The Internet security firm McAfee later announced it had isolated the malicious software used in the attack, saying it exploited a previously unknown vulnerability in Microsoft Internet Explorer that allowed attackers to secretly commandeer the victim’s system. McAfee analyst George Kurtz told the Washington Post, “The current bumper crop of malware is very sophisticated, highly targeted and designed to infect, conceal access, siphon data or, even worse, modify data without detection.” The programs “were primarily seen by governments, and the mere mention of them strikes fear in any cyberwarrior.”

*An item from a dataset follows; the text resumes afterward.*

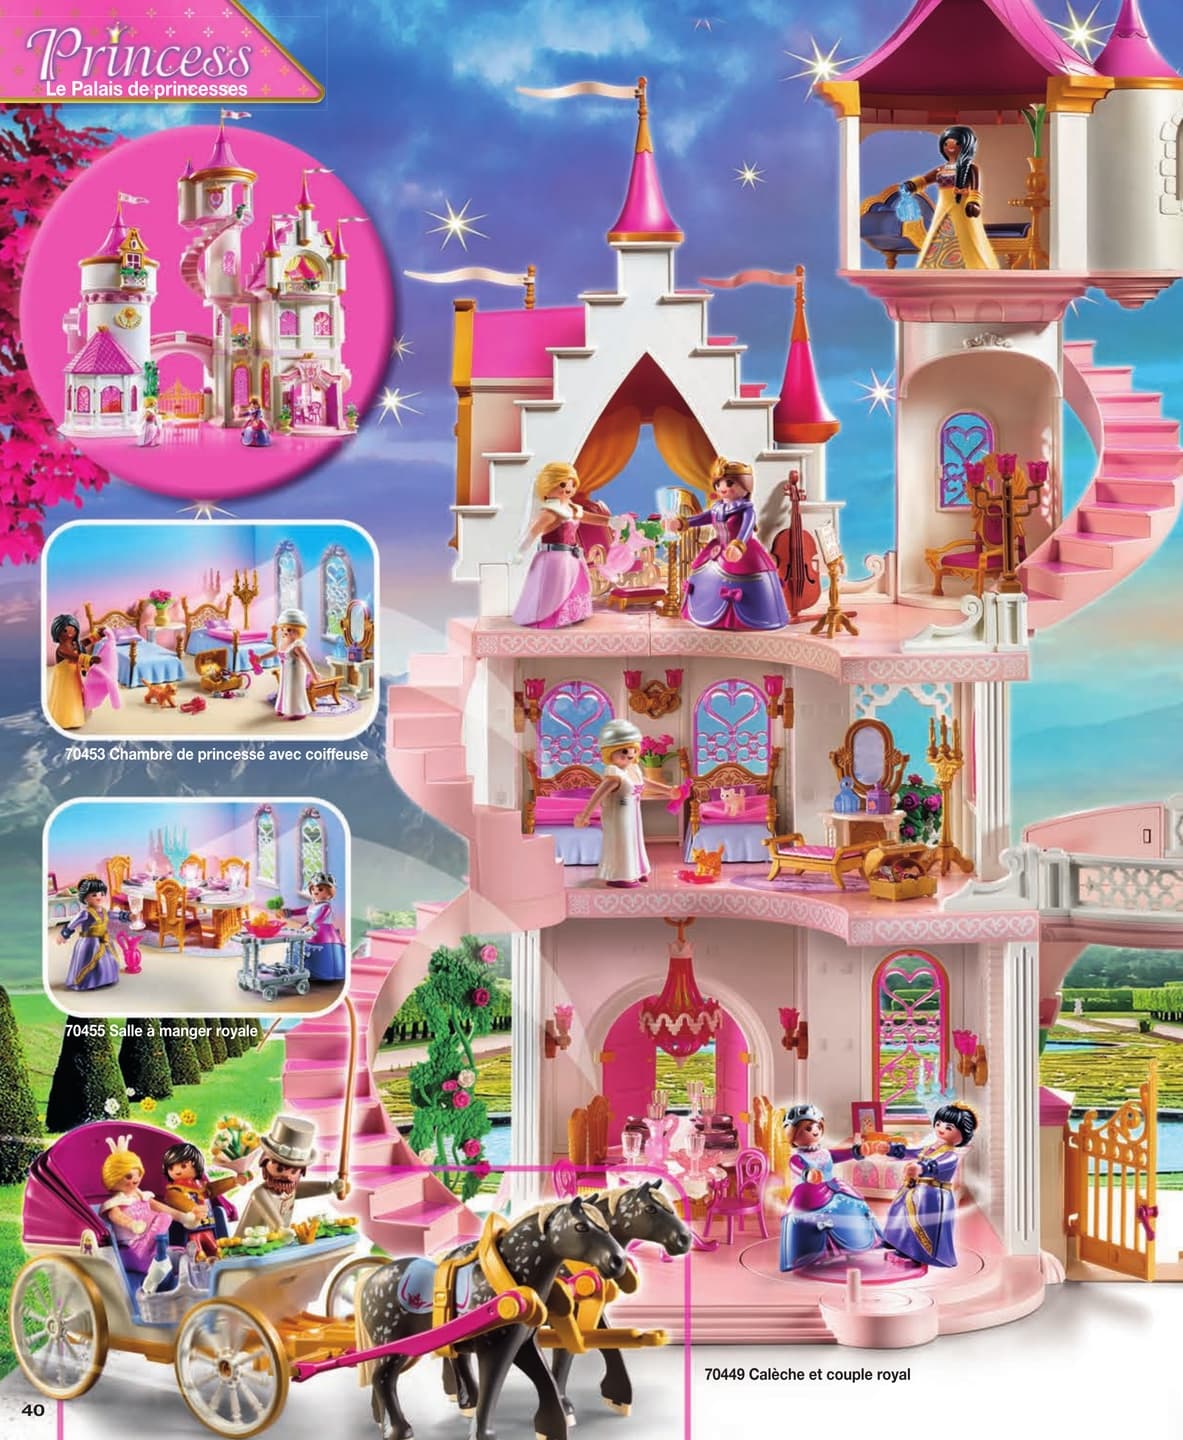 70455 - Playmobil Princess - Salle à manger royale
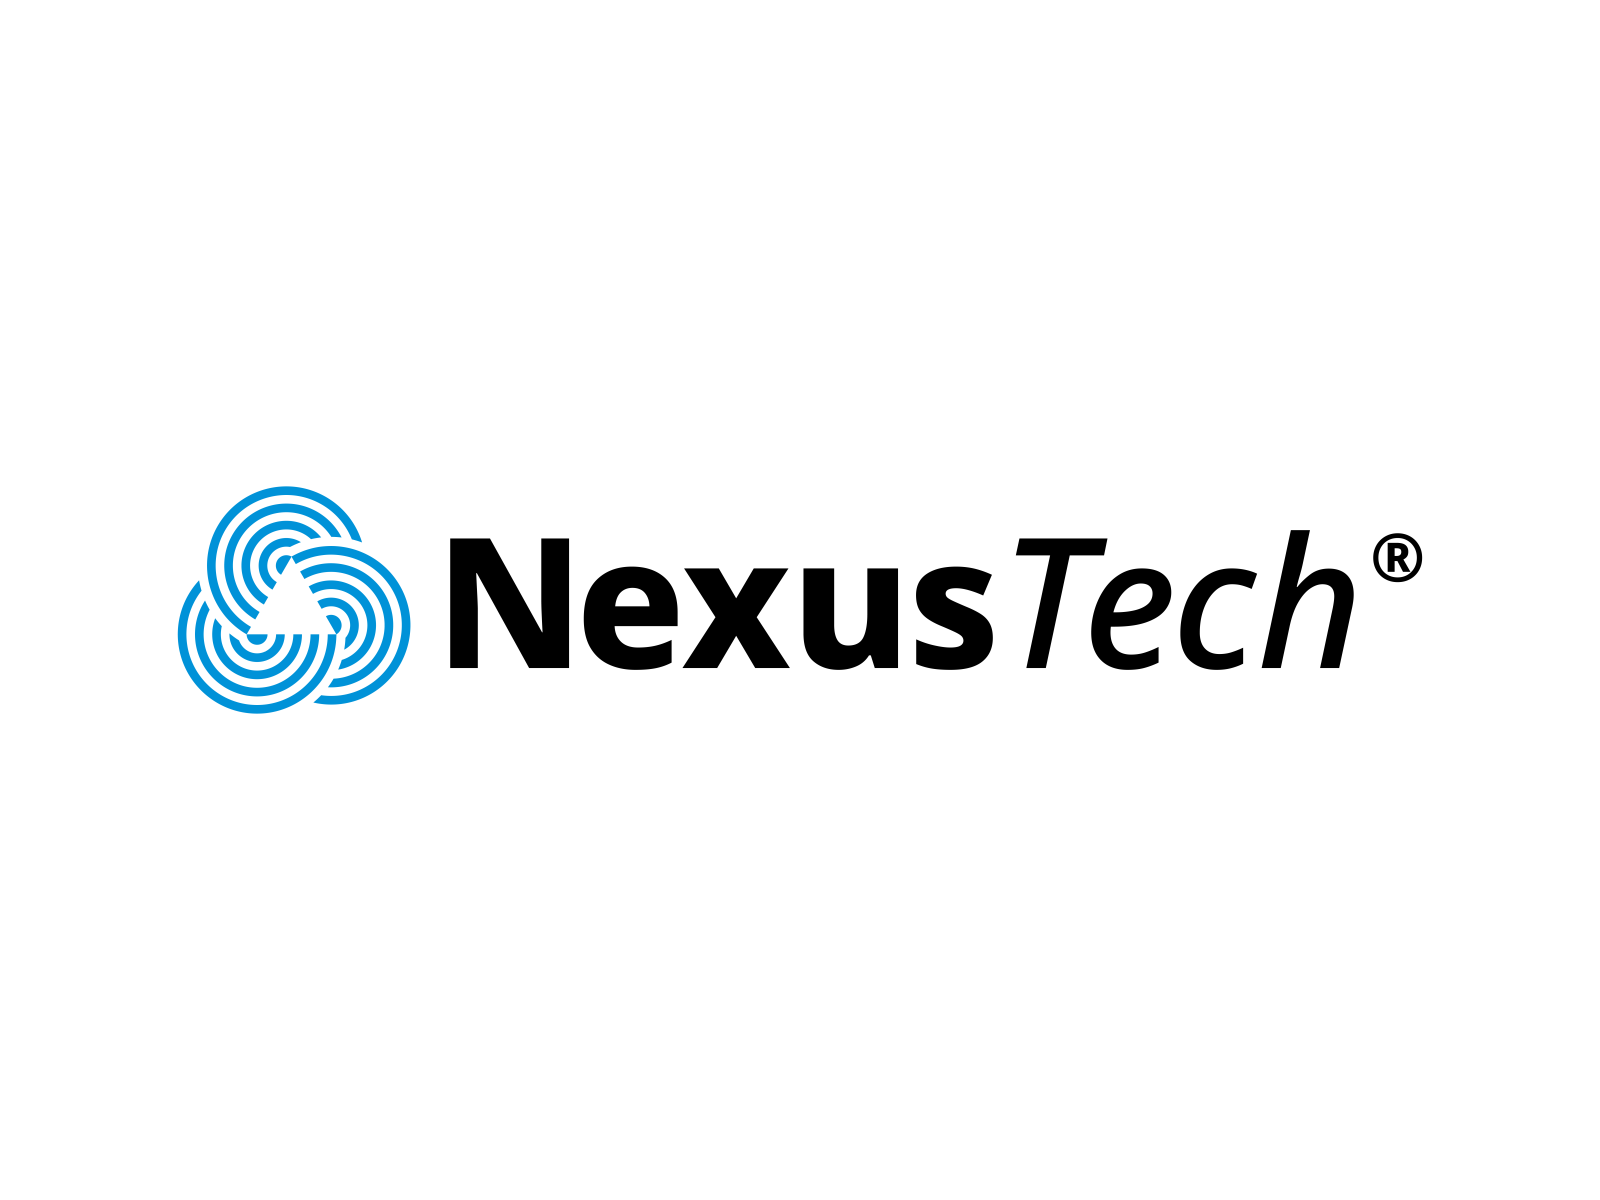 NexusTech by Dylan Thompson on Dribbble

The attack on Google and the threat posed to the Internet and the American government was viewed as serious enough it become a diplomatic issue between the United States and China. U.S. Secretary of State Hillary Clinton urged China to investigate the cyber intrusions of Google. Beijing responded by saying that it was not involved in the cyber attacks and that Washington’s demand implied that it was and said China was the biggest victim of cyber attacks, not the main source of them, with many of attacks on China originating in the United States.

McAfee Reports on Chinese Hackers Attacks

In February 2011, the Internet security company McAfee released a report that hackers operating from China stole sensitive information from Western oil companies through a “coordinated, covert and targeted” attack that began in February 2011. McAfee did not identify the companies but said hackers stole information in operations, bidding for oil fields and financing. The hackers worked through servers in the United States and the Netherlands and exploited vulnerabilities in the Windows operation system.

In August 2011, McAfee claimed it had uncovered the biggest series of cyber-attacks to date and believed a state actor was responsible. The security company said it had discovered a five-year long campaign of cyber attacks on the networks of governments, organisations and businesses. It did not name the "state actor" it believed was behind the attacks but several experts pointed the finger at China. McAfee said the 72 victims in the hacking campaign included the governments of the United States, Taiwan, India, South Korea, Vietnam and Canada. Other targets were the United Nations, the Association of Southeast Asian Nations, the International Olympic Committee; and an array of companies from defence contractors to hi-tech enterprises. [Source: Reuters, The Guardian August 5, 2011]

China's leading state newspaper dismissed as "irresponsible" suggestions that Beijing was the "state actor" behind massive internet hacking of governments and companies. The People's Daily disputed the suggestions. "Linking China to internet hacking attacks is irresponsible," it said. "The McAfee report claims that a “state actor' engaged in hacking for a large-scale internet espionage operation, but its analysis clearly does not stand up to scrutiny."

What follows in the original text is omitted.